The update from the Chancellor will come as expectations of a general election mount. With government and parliament having made a hash of the UK's belated exit from the European Union, speculation is that voters could be called back to the ballot box for a third time in five years before the year is out, which could mean the Chancellor loosens the purse strings in an effort to position the Conservative Party for an election campaign that might be fought on a public investment, or simply anti-austerity ticket.
The OBR forecast in March that full-year borrowing would rise by 24% in 2019, although some economists say the government's forays into the debt market are likely to have increased even more than that by the time the curtain closes on the current financial year.
"Borrowing in all years was revised up last month. Accordingly, full-year borrowing will total £50.3B in 2019/20, or about 2.3% of GDP, if the current trend is maintained, greatly exceeding the OBR’s Spring Statement forecast," says Samuel Tombs, chief UK economist at Pantheon Macroeconomics.
UK national debt and government borrowing figures could increase at a faster pace in the months and quarters ahead than they have done previously due to changes in accounting rules that mean student loans are now treated differently. The changes began entering into effect in the private sector back in January 2018 but it wasn't until September 2019 that government borrowing statistics began to reflect the changes.
International Financial Reporting Standard 9 (IFRS 9) has forced companies to move from a system where they only recorded in their financial statements any 'recognised losses' on loans and investments, to one where they now have to also report 'expected losses'. This has implications for the way the government records borrowings related to student loans, some of which are almost always written off for various reasons.

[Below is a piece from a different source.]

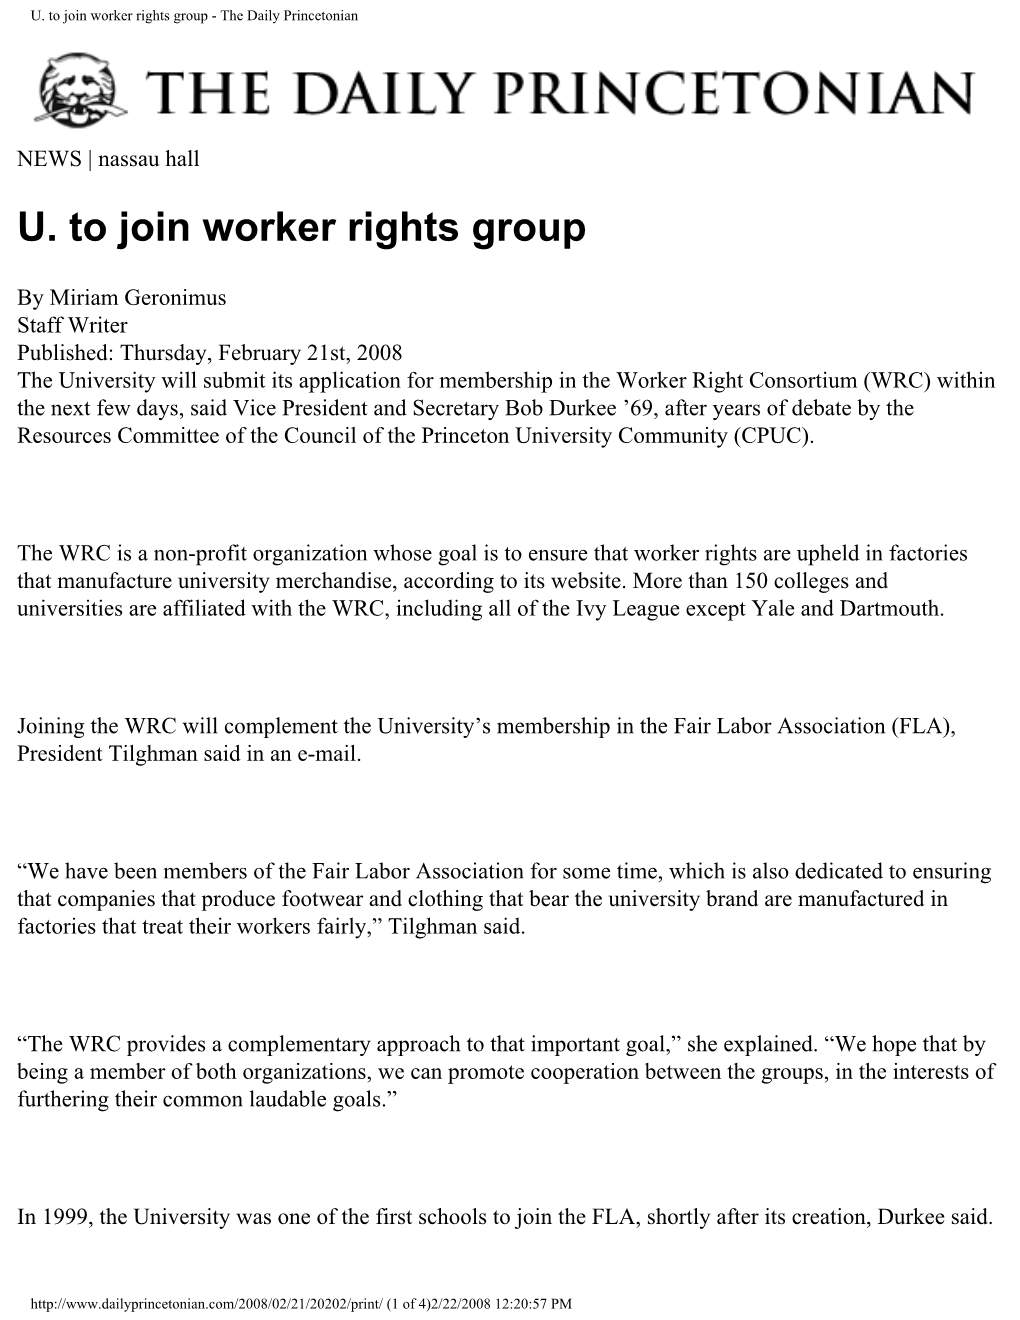 U. to Join Worker Rights Group - the Daily Princetonian

The Office for Budget Responsibility (OBR) has said previously that borrowing would likely rise 24% in 2019, partly because of the changes, and the ONS said Tuesday that £2.7 bn of September's resulted frpm the writing off of student loans. Such write-offs will also impact the figures every January and April while borrowings associated with winter fuel payments, which were £2 bn last month, will also impact the numbers every September.